= Jeanette Orrey =

British activist

Jeanette Orrey, MBE (born 1956) is a British children's food campaigner and former school 'dinner lady' who in 2012 received the MBE for her services to food in schools.

==Life==
Orrey was the catering manager at St Peter's primary school in East Bridgford, Nottinghamshire for 14 years. In 2000, school dinner provision was deregulated from local authority control, at which point Orrey and St Peter's decided to change the school lunches to a menu of local food, cooked from scratch. Previously, as cook-supervisor at St Peter's, Orrey had been obliged to serve such things as 'free-flow mince' which she described as being 'probably from 11 different cows in 11 different countries', and various breaded shapes of processed meat including pork hippos, chicken teddies and Turkey Twizzlers. Orrey's revised menu included healthier dishes such as vegetable crumble and homemade fishcakes, with organic milk and local pork from Gloucester Old Spot pigs; her approach to school food has been credited with inspiring Jamie Oliver's campaigning work on school meals. She found that by very gradually replacing the processed food with home-cooked meals, the children's tastes slowly changed and they became less fussy.

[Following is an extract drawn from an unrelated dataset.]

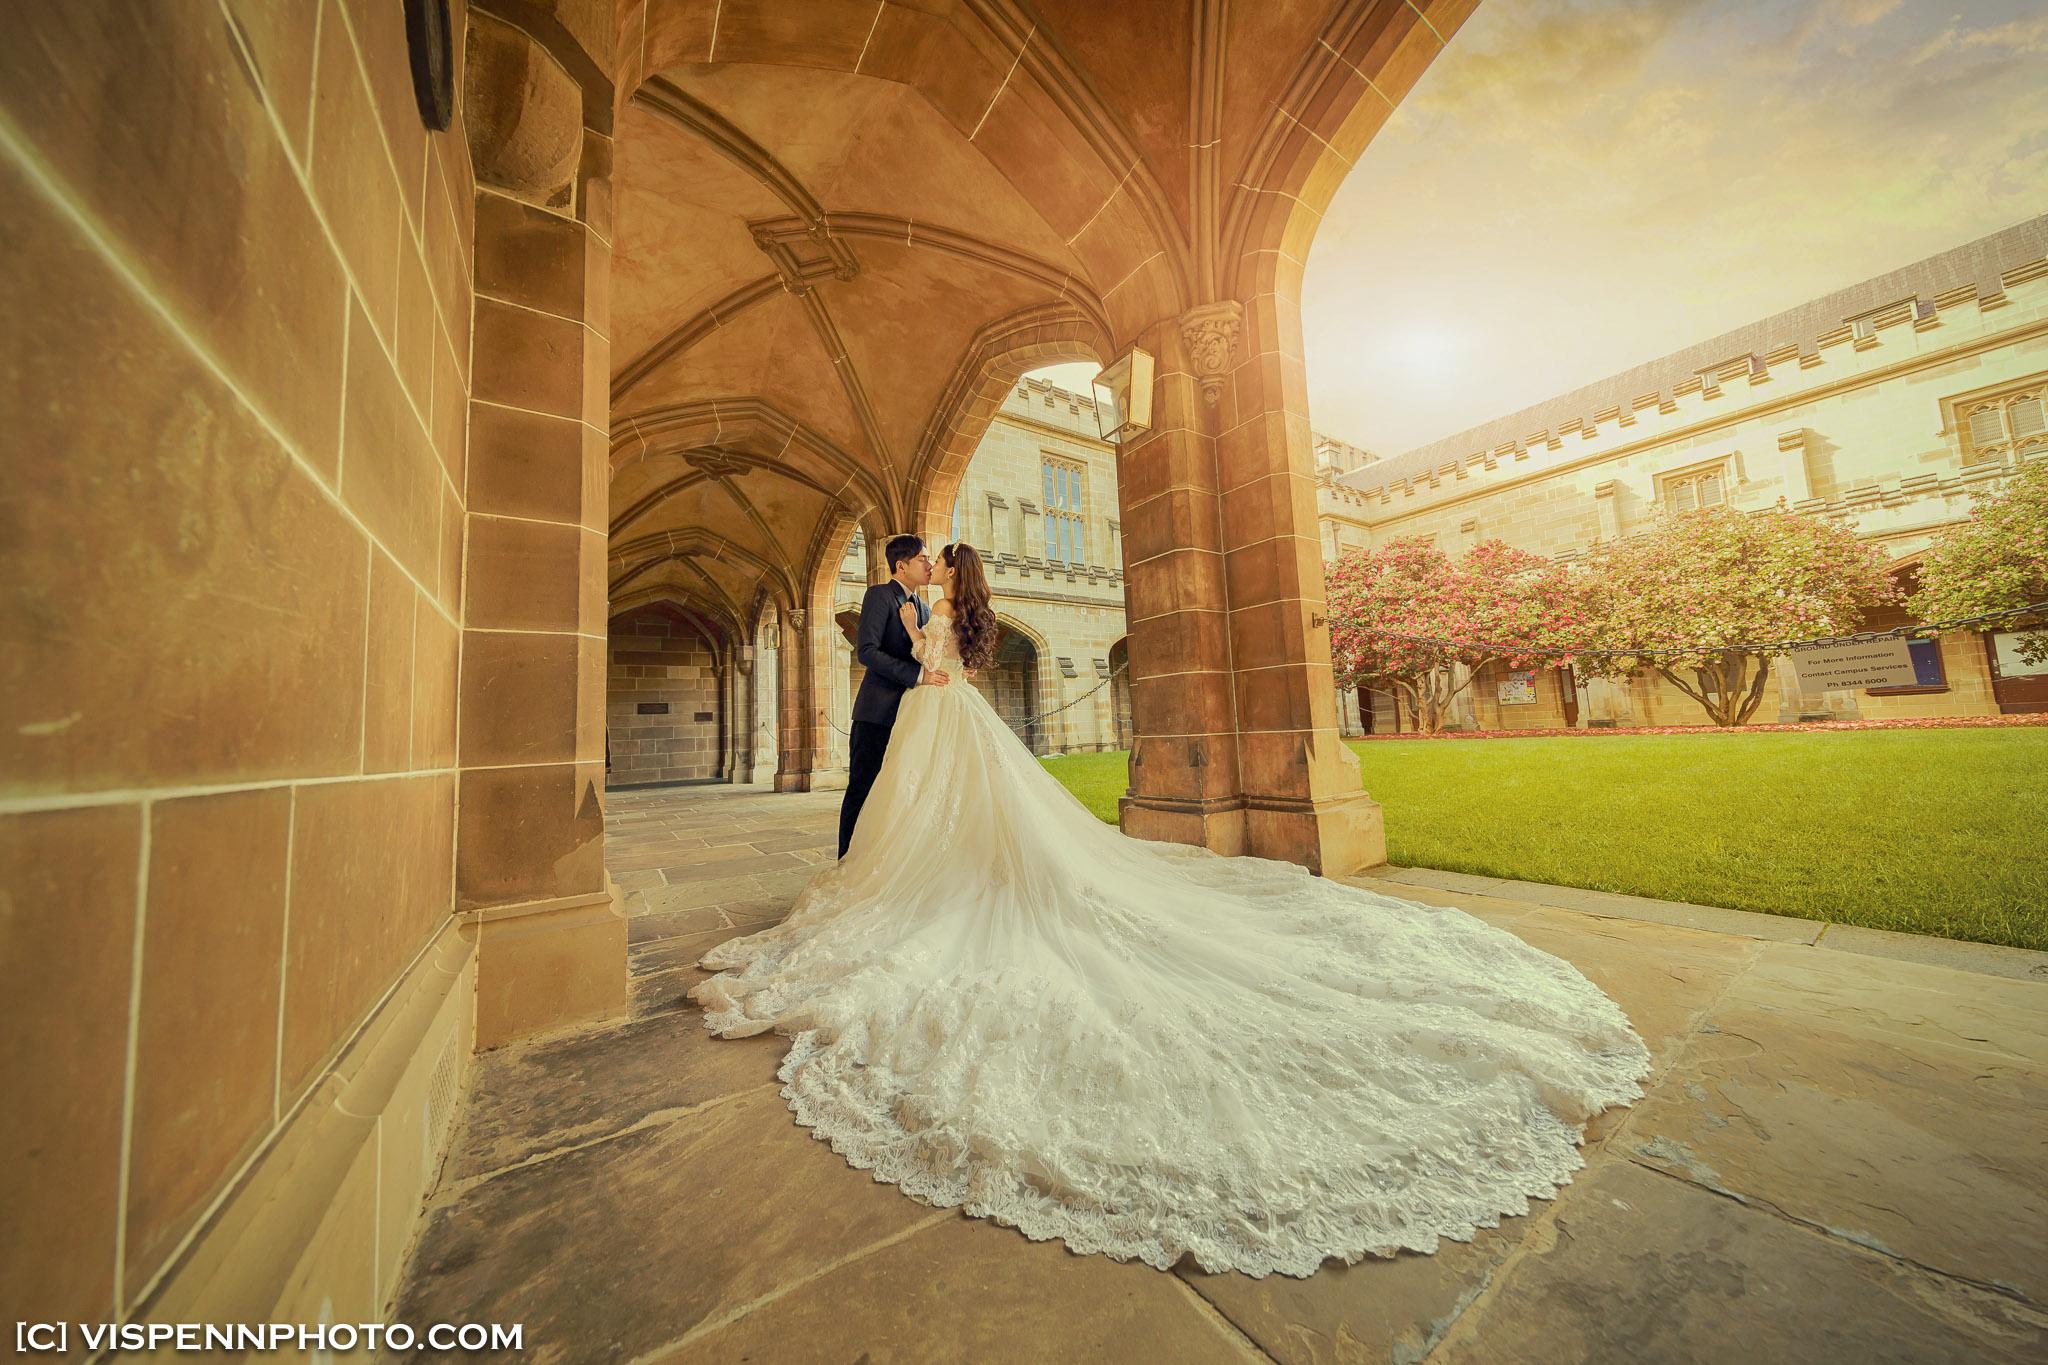 PRE WEDDING Photography Melbourne VISPENN 墨尔本 婚纱照 结婚照 婚纱摄影 VISPENN JackySerena 0427 1

When asked to explain the secret of her success at St Peter's, Orrey has said 'Children copy each other. Convince one child to eat curry and the rest will follow'. In 2003, Orrey co founded Food for Life, a programme in British schools aimed at encouraging school kitchens to cook meals from scratch as well as teaching children how to cook and grow food.

In 2005, Orrey, who had by now left school catering to work as a school meals consultant, published her first cookbook The Dinner Lady (Bantam). The same year, Orrey set up a two-day training course for school caterers based at Ashlyns Organic Farm in Essex.

Orrey is currently School Meals Policy Advisor to the Soil Association.
She co-chairs the School Food Plan Alliance.